- Information given -

■ ■ ■ ■ ■

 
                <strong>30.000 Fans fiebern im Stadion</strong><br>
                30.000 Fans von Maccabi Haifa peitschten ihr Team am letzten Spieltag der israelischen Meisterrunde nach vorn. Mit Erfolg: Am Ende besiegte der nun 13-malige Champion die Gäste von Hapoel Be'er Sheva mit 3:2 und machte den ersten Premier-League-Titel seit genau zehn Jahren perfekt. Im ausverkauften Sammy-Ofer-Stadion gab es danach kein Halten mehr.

■ ■ ■ ■ ■

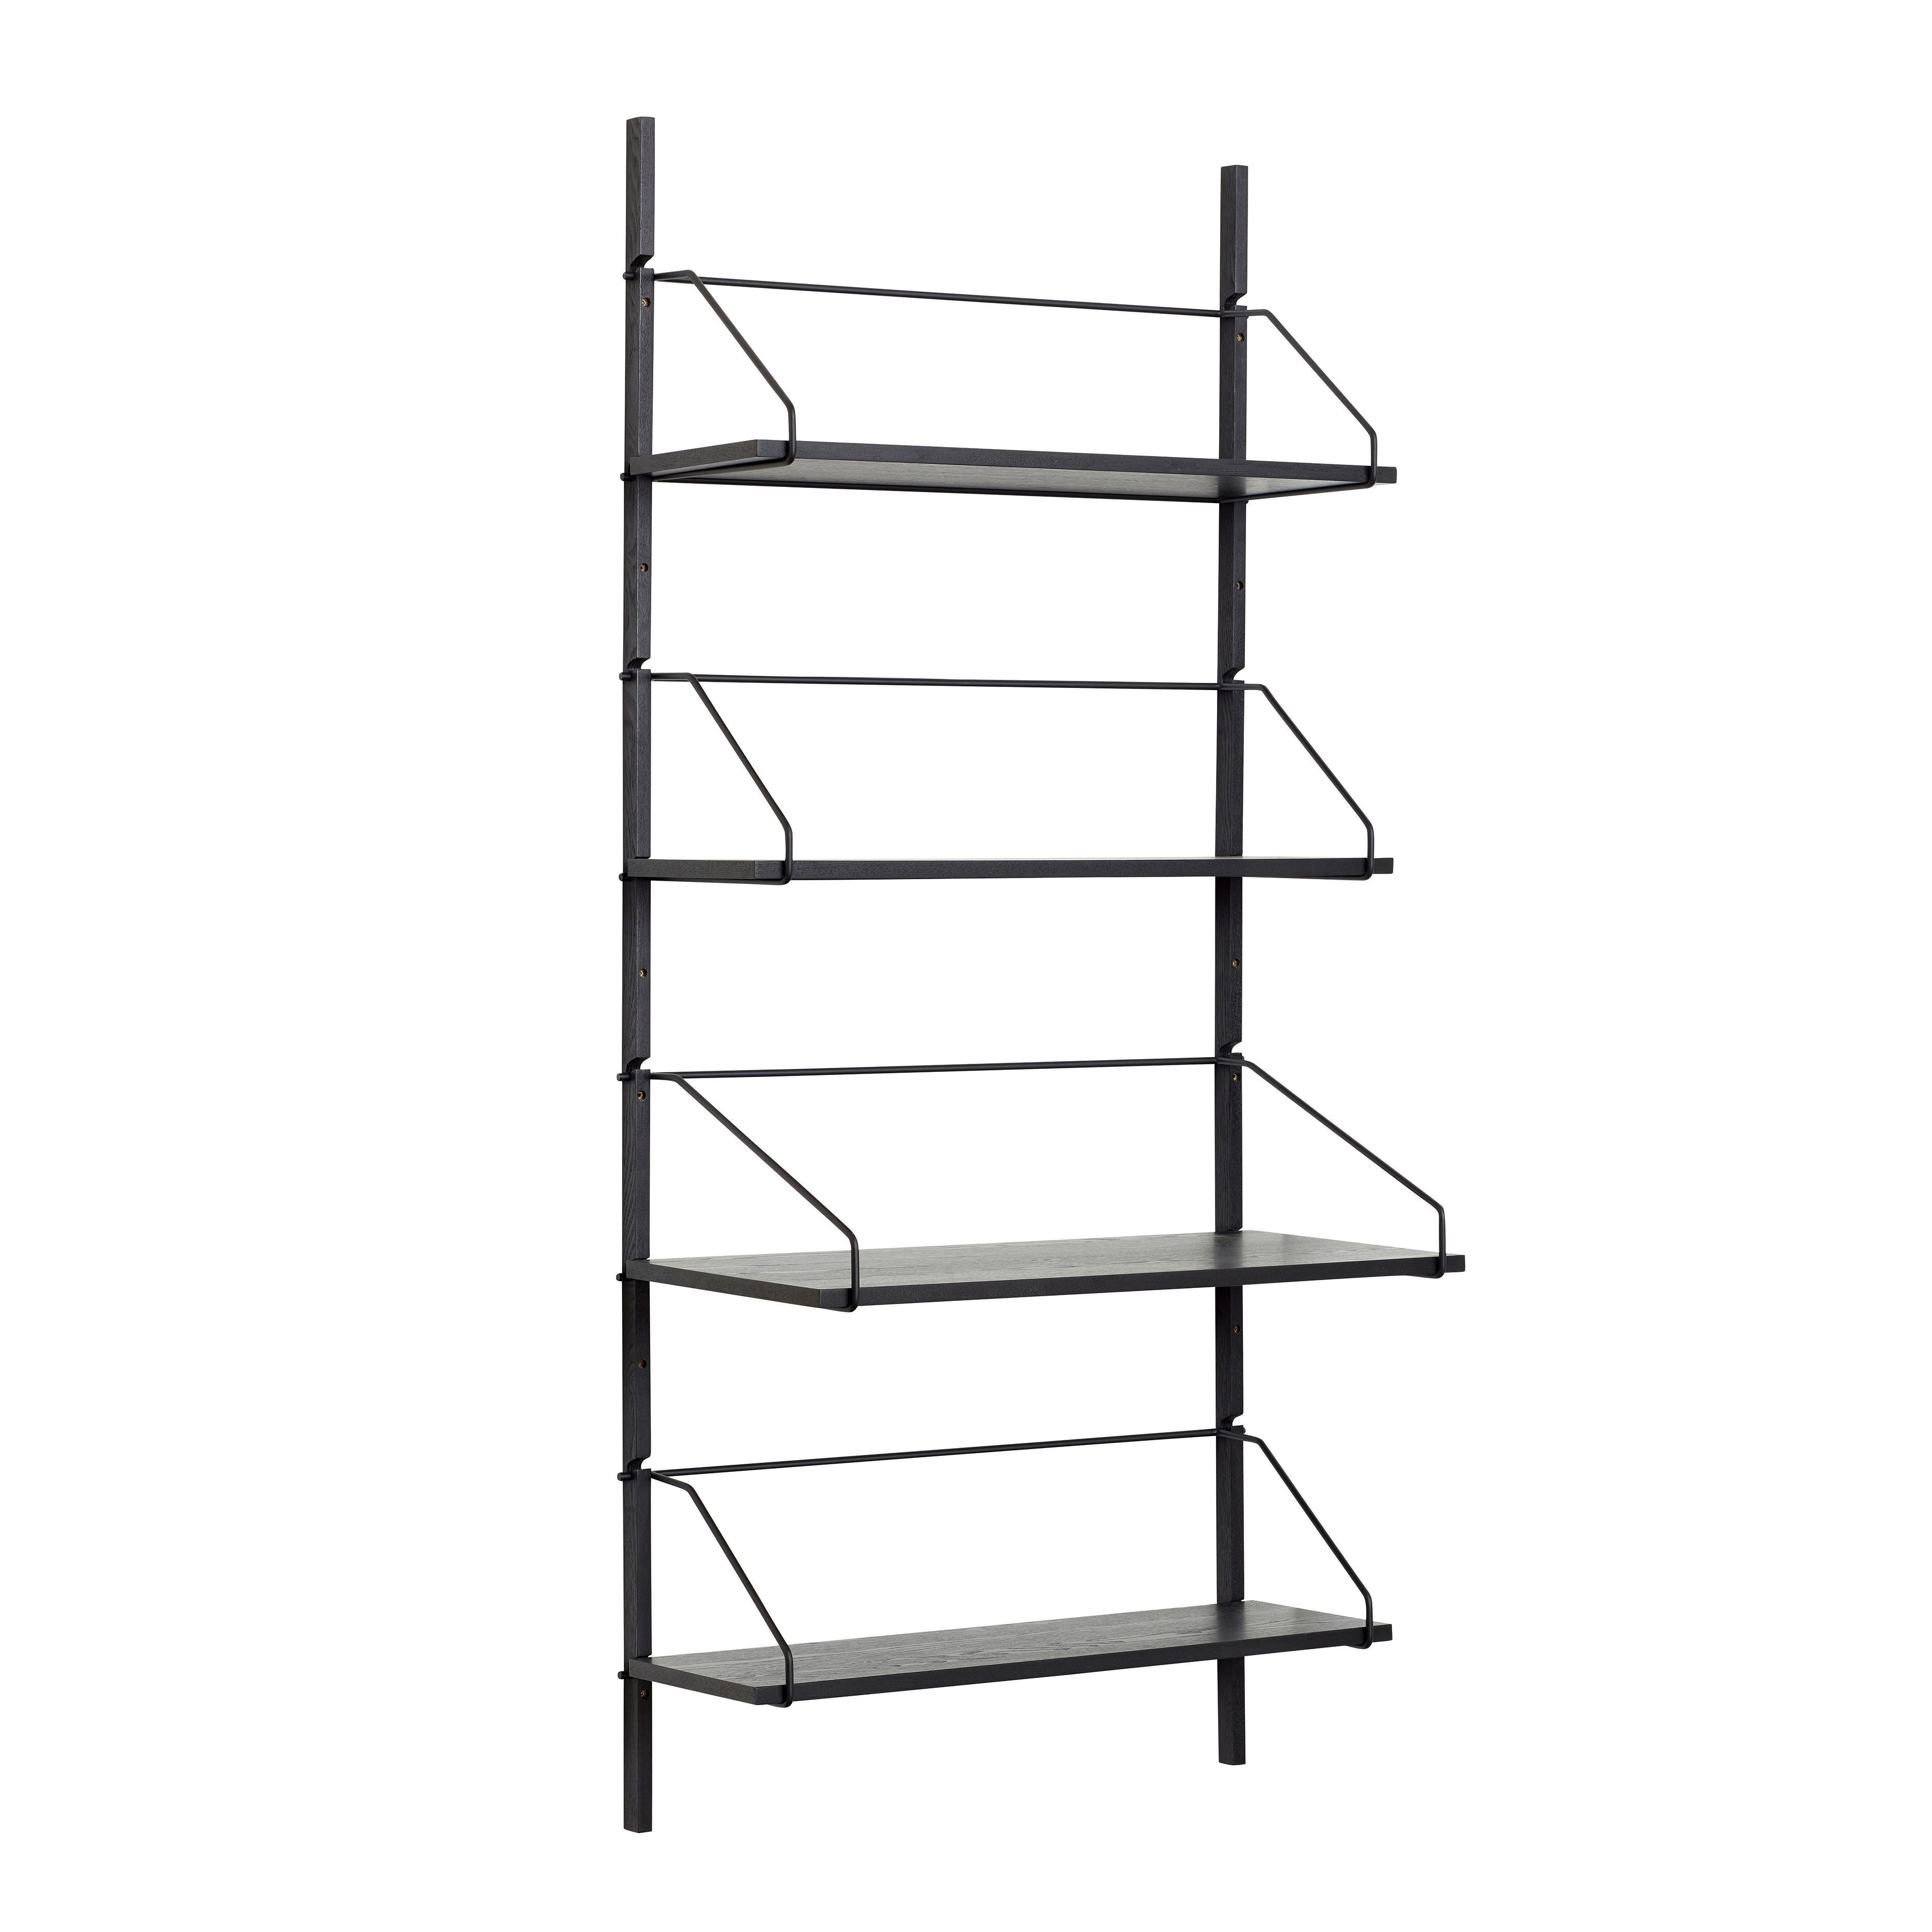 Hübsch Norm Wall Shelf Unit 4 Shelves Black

■ ■ ■ ■ ■

- Your goal -
Above are some lines. Repeat exactly, and only, those from the line that has "<strong>30.000 Fans fiebern" through the line that has "30.000 Fans von".

- The completed task -
                <strong>30.000 Fans fiebern im Stadion</strong><br>
                30.000 Fans von Maccabi Haifa peitschten ihr Team am letzten Spieltag der israelischen Meisterrunde nach vorn. Mit Erfolg: Am Ende besiegte der nun 13-malige Champion die Gäste von Hapoel Be'er Sheva mit 3:2 und machte den ersten Premier-League-Titel seit genau zehn Jahren perfekt. Im ausverkauften Sammy-Ofer-Stadion gab es danach kein Halten mehr.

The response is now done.